Question

Aluminum hydroxide reacts with sulfuric acid as follows: $$ 2 \mathrm{Al}(\mathrm{OH})_{3}(s)+3 \mathrm{H}_{2} \mathrm{SO}_{4}(a q) \longrightarrow \mathrm{Al}_{2}\left(\mathrm{SO}_{4}\right)_{3}(a q)+6 \mathrm{H}_{2} \mathrm{O}(l) $$ Which is the limiting reactant when 0.500 mol \(\mathrm{Al}(\mathrm{OH})_{3}\) and 0.500 \(\mathrm{mol} \mathrm{H}_{2} \mathrm{SO}_{4}\) are allowed to react? How many moles of \(\mathrm{Al}_{2}\left(\mathrm{SO}_{4}\right)_{3}\) can form under these conditions? How many moles of the excess reactant remain after the completion of the reaction?

Short answer

The limiting reactant is H\(_{2}\)SO\(_{4}\). Under these conditions, 0.167 moles of Al\(_{2}\)(SO\(_{4}\))\(_{3}\) can be formed, and 0.167 moles of Al(OH)\(_{3}\) remain after the completion of the reaction.

Step-by-step solution

Write the balanced equation

The balanced equation for the reaction is already given as: $$ 2 \mathrm{Al}(\mathrm{OH})_{3}(s)+3 \mathrm{H}_{2} \mathrm{SO}_{4}(a q) \longrightarrow \mathrm{Al}_{2}\left(\mathrm{SO}_{4}\right)_{3}(a q)+6 \mathrm{H}_{2} \mathrm{O}(l) $$

Determine the mole ratios

Here, we can see that the ratio of moles of Al(OH)\(_{3}\) to moles of H\(_{2}\)SO\(_{4}\) is 2:3. This means that for every 2 moles of Al(OH)\(_{3}\), 3 moles of H\(_{2}\)SO\(_{4}\) are needed for the reaction to proceed to completion.

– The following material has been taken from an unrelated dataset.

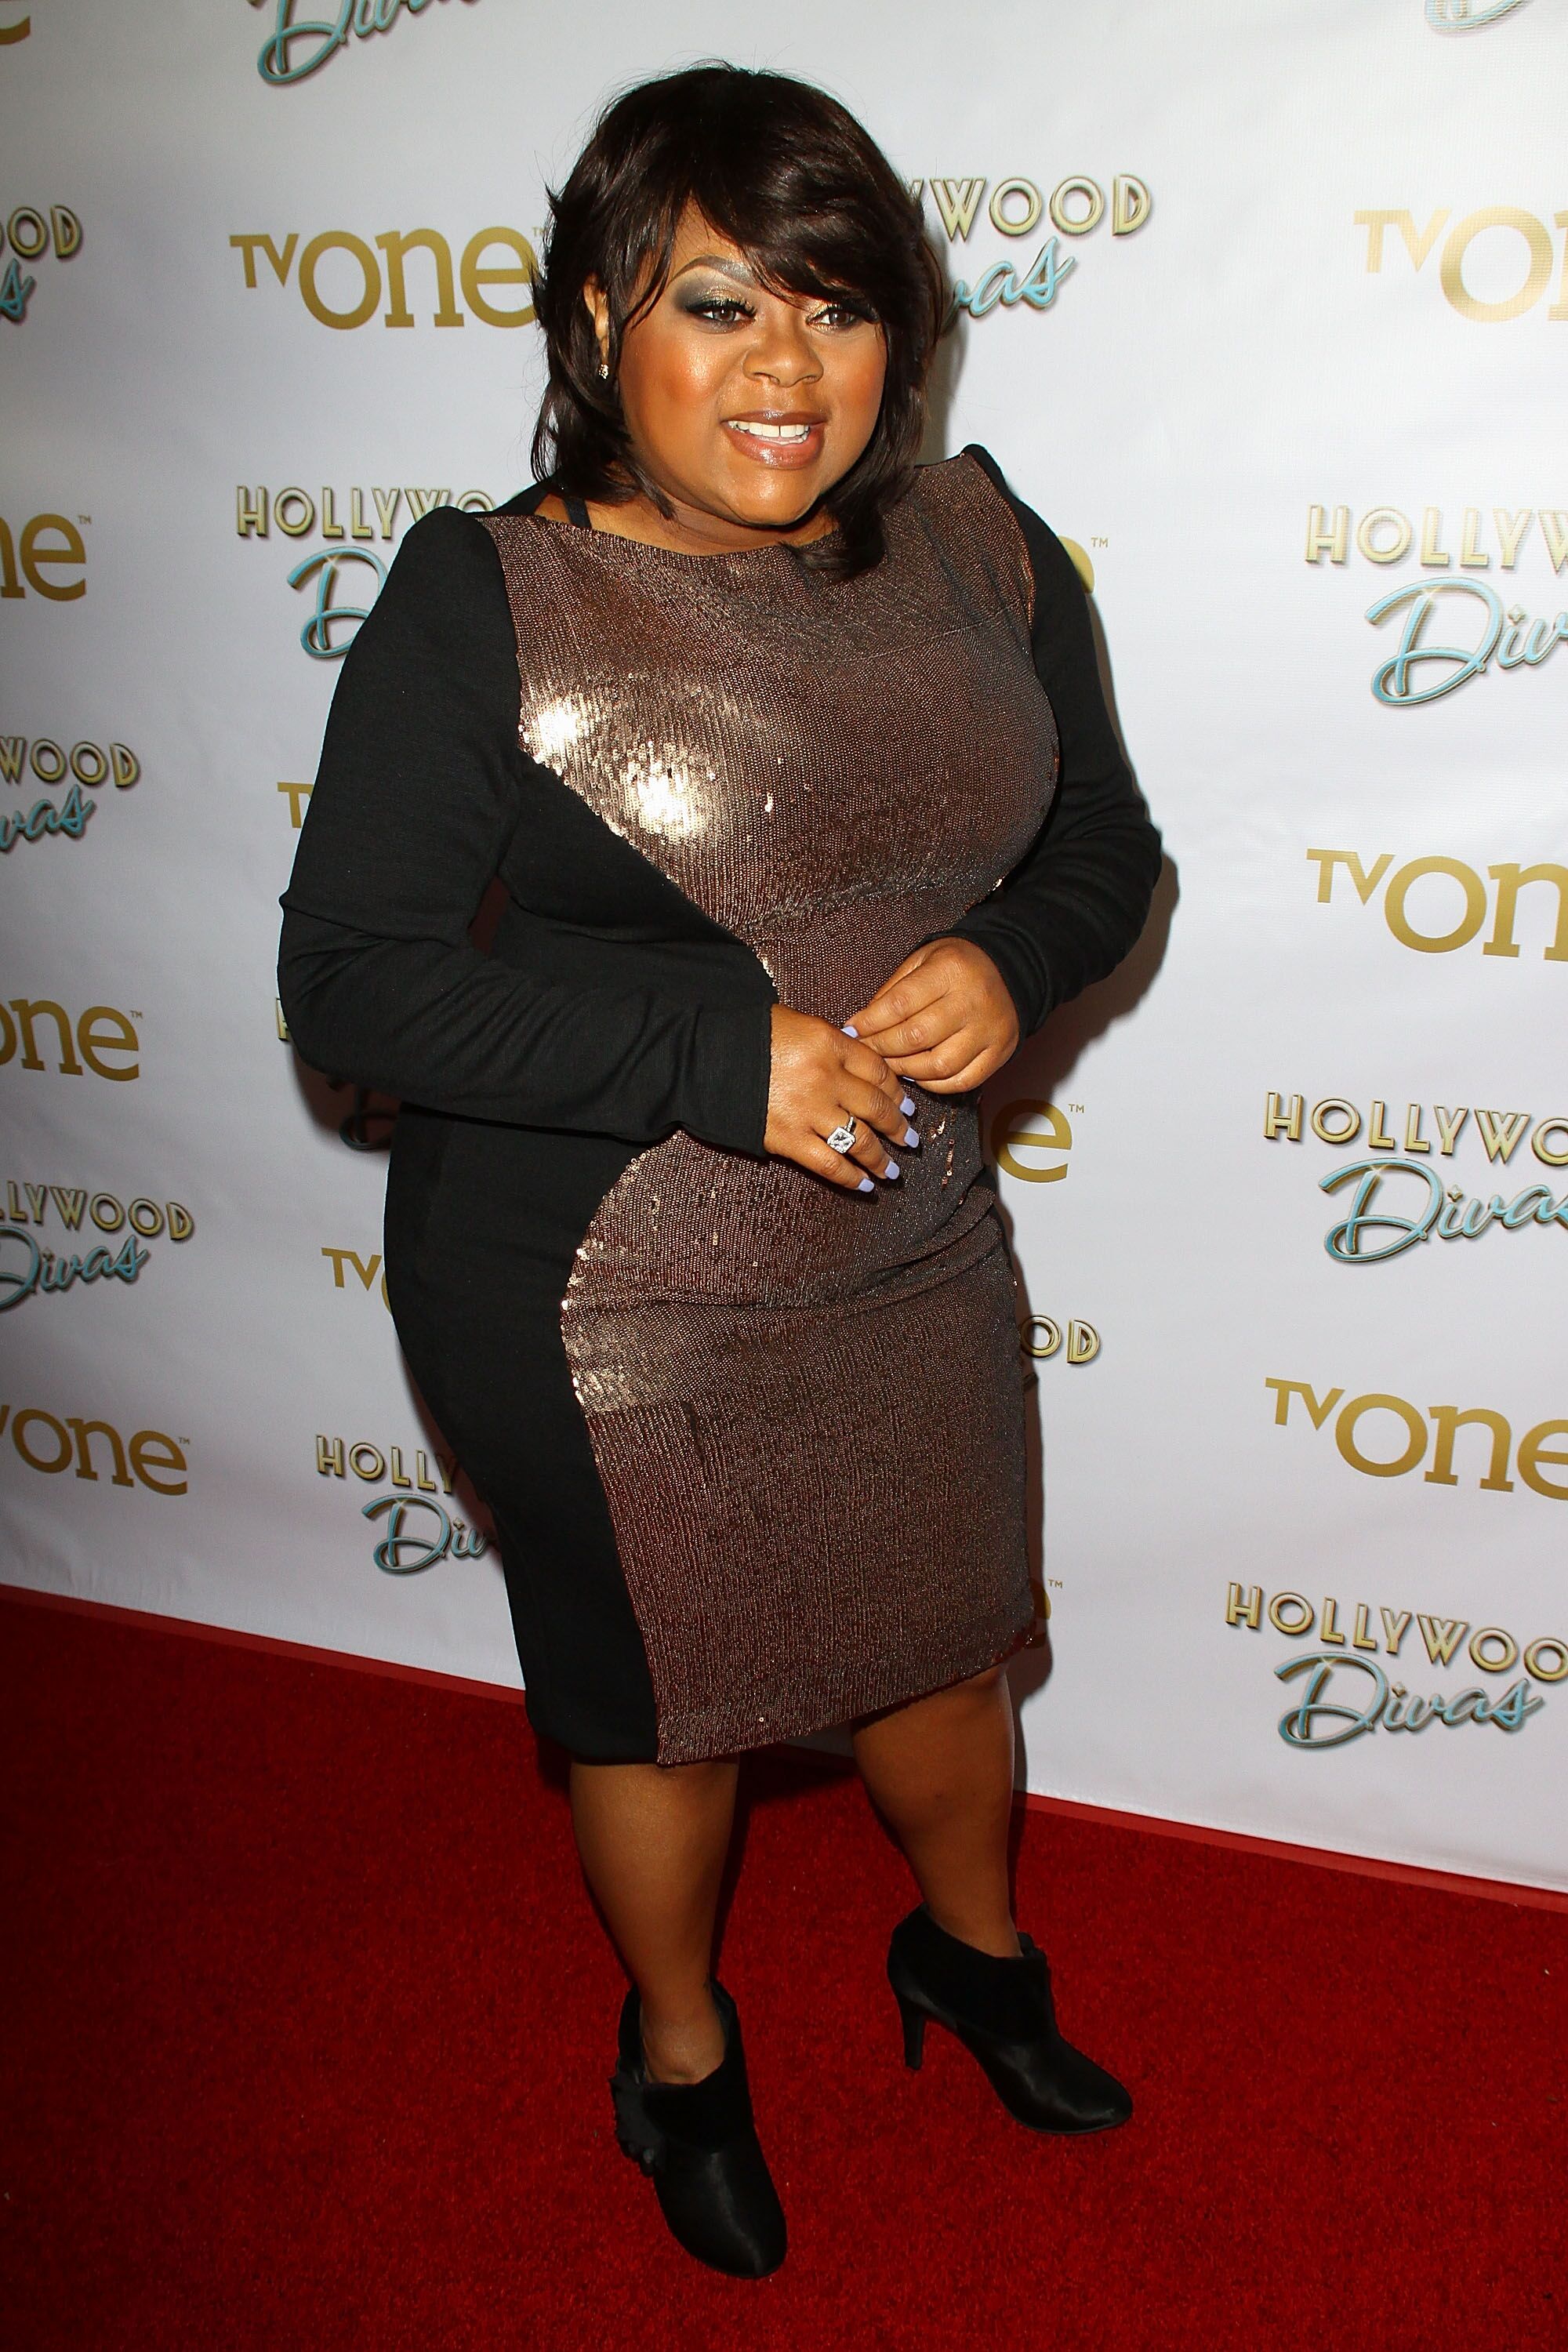 Countess Vaughn attends a TVOne event for "Hollywood Divas" | Photo: Getty Images

Find the limiting reactant

Compare the given amounts of the reactants to the stoichiometric ratio: $$ \frac{\text{moles of Al(OH)}_3}{\text{moles of H}_2\text{SO}_4} = \frac{0.500}{0.500} = 1 $$ Now compare this value to the stoichiometric ratio: $$ \frac{2}{3} \approx 0.67 $$ Since 1 > 0.67, we have more Al(OH)\(_{3}\) than required for the given amount of H\(_{2}\)SO\(_{4}\). Therefore, H\(_{2}\)SO\(_{4}\) is the limiting reactant, and Al(OH)\(_{3}\) is in excess.

Calculate the amount of Al\(_{2}\)(SO\(_{4}\))\(_{3}\) formed

We can now use the limiting reactant to determine the amount of product formed. According to the balanced equation, 3 moles of H\(_{2}\)SO\(_{4}\) produce 1 mole of Al\(_{2}\)(SO\(_{4}\))\(_{3}\). So for 0.500 moles of H\(_{2}\)SO\(_{4}\), we get: $$ \text{moles of Al}_{2}\text{(SO}_{4}\text{)}_{3} = \frac{1}{3} \times 0.500 = 0.167 \, \text{moles} $$

Determine the amount of excess reactant remaining

To find the amount of Al(OH)\(_{3}\) remaining after the reaction, we first need to find how much Al(OH)\(_{3}\) was consumed by the limiting reactant. According to the balanced equation, 2 moles of Al(OH)\(_{3}\) react with 3 moles of H\(_{2}\)SO\(_{4}\). So for 0.500 moles of H\(_{2}\)SO\(_{4}\), we have: $$ \text{moles of Al(OH)}_3\text{ consumed} = \frac{2}{3} \times 0.500 = 0.333\, \text{moles} $$ Now we can subtract the amount of Al(OH)\(_{3}\) consumed from the initial amount to find how much is remaining: $$ \text{moles of Al(OH)}_3\text{ remaining} = 0.500 - 0.333 = 0.167\, \text{moles} $$ So, the limiting reactant is H\(_{2}\)SO\(_{4}\), 0.167 moles of Al\(_{2}\)(SO\(_{4}\))\(_{3}\) can form under these conditions, and 0.167 moles of Al(OH)\(_{3}\) remain after the completion of the reaction.

Key concepts

Stoichiometry

Stoichiometry is the branch of chemistry that deals with the quantitative relationships between reactants and products in a chemical reaction. It allows chemists to predict the amounts of substances consumed and produced in a given reaction. Crucial to understanding stoichiometry is the concept of the mole, which is a unit for counting particles of matter, typically atoms, molecules, or ions.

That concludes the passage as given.